A while back, one of the members of the Keeping Sharp area of Knife Forums challenged me to sharpen his Spyderco Military in S90V. When I got it, it was pretty darn sharp already – there was a chip in the middle of the blade, but the tip area was sharp enough to cut hairs off my arm.

I can tell you that the Spyderco Military s90v is a wonderful knife -I started off using the Shapton Glass stones, an the knife just took an amazing, super scary/aggressive feeling edge up to the 4K level.After that, it was a ton of work because there was a point of diminishing returns – as each grit became finer, it took longer to cut through the steel.

I had the knife cutting smoothly from the beginning, but it just took 4 tries to get it sharp enough to cut hair comfortably. Even at the time of the shave, it only whittled hair, not popped. You can see how thrilled I wasn’t as the shave progressed, but the end result was much better than I had ever imagined when I applied the aftershave.
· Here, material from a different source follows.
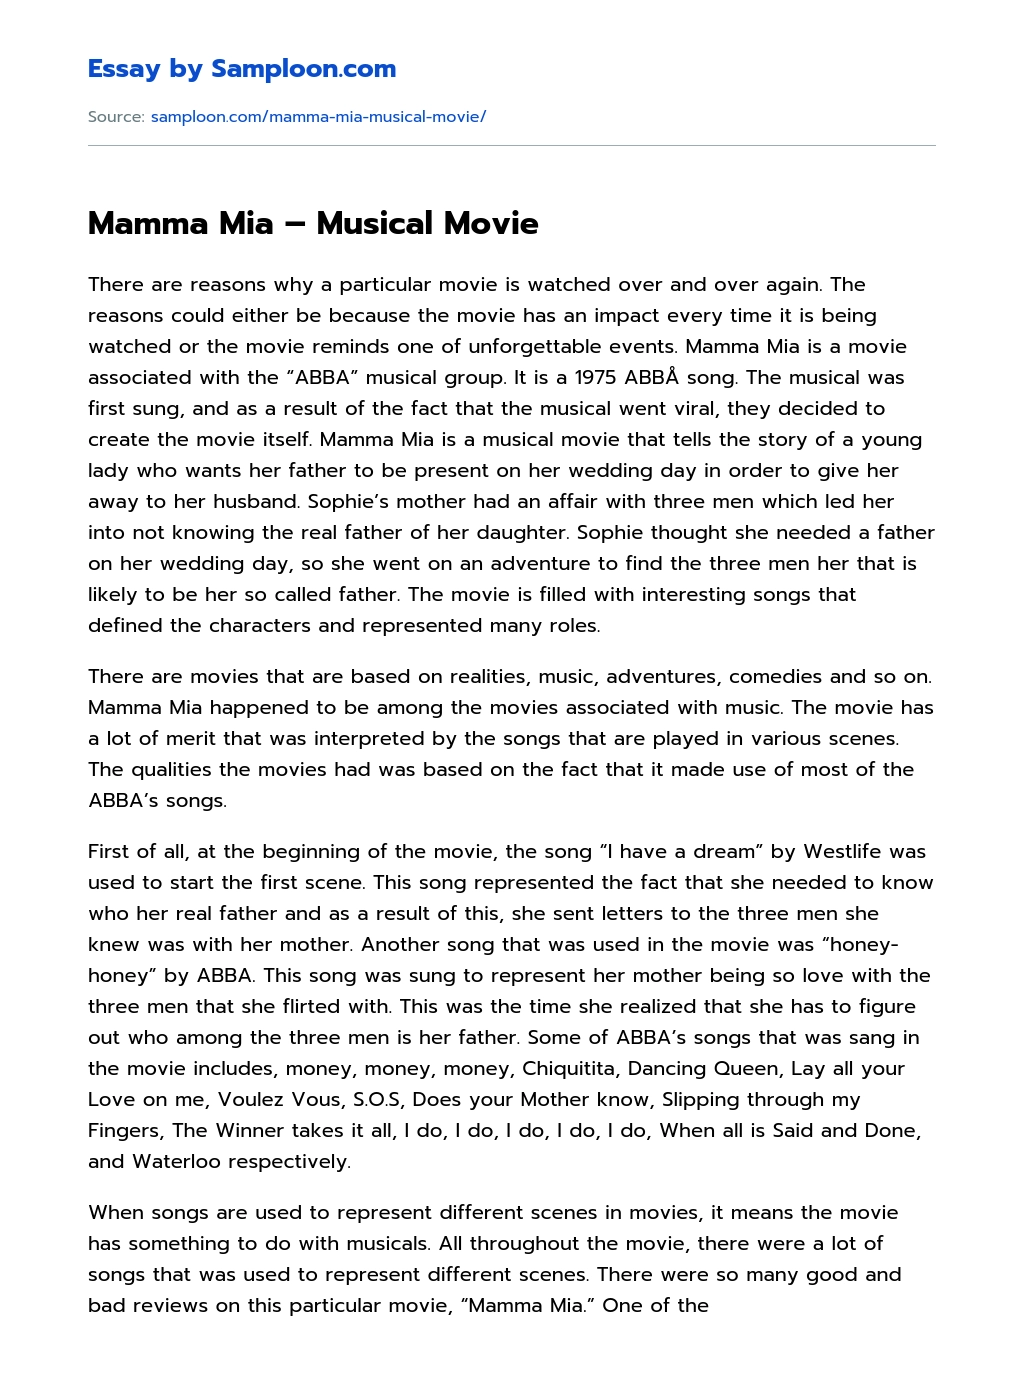 Mamma Mia – Musical Movie Film Analysis essay

A couple of things I noticed – one is that while the steel is abrasion resistant, it was still prone to some rolling of the edge as it got so thin. I initially started with a 16 degree angle on each side, and went through the WEPS 100/200/400/600/800/1K diamonds, then on to the Chosera 800, 2K, 5K, 10K with a little help from some Hand American .25 micron diamond to help speed up the cutting a little. (it helped, but I really did need diamonds all the way here!) but the test shave off that was horrendously rough.

I then upped it to 18 degrees and used the 15K Shapton with the HA .25 and then the 30K Shapton with Ken’s .050 Poly. This put the edge in the right place, but not enough to shave yet. I went back and did A LOT of stropping on .25 diamond on felt and then .050 poly on balsa at about 30 degrees per side. Then some canvas stropping and some clean leather (Tony Miller strop).

The second is the fact that the knife shaved waaaay better against the grain than it did with the grain – the exact opposite of what it should do! My guess is that the resistance offered by the hair against the grain allowed for the edge to “grab on” to the hair in order to cut it.

The edge under the scope was perfectly straight and smooth at each attempt – this leads me to believe that while the carbides may be tough, the steel around them sort of “fell out” as the edge of the edge approached “shave ready”. The knife was “sharp” way early on, but getting it to shave was the real challenge.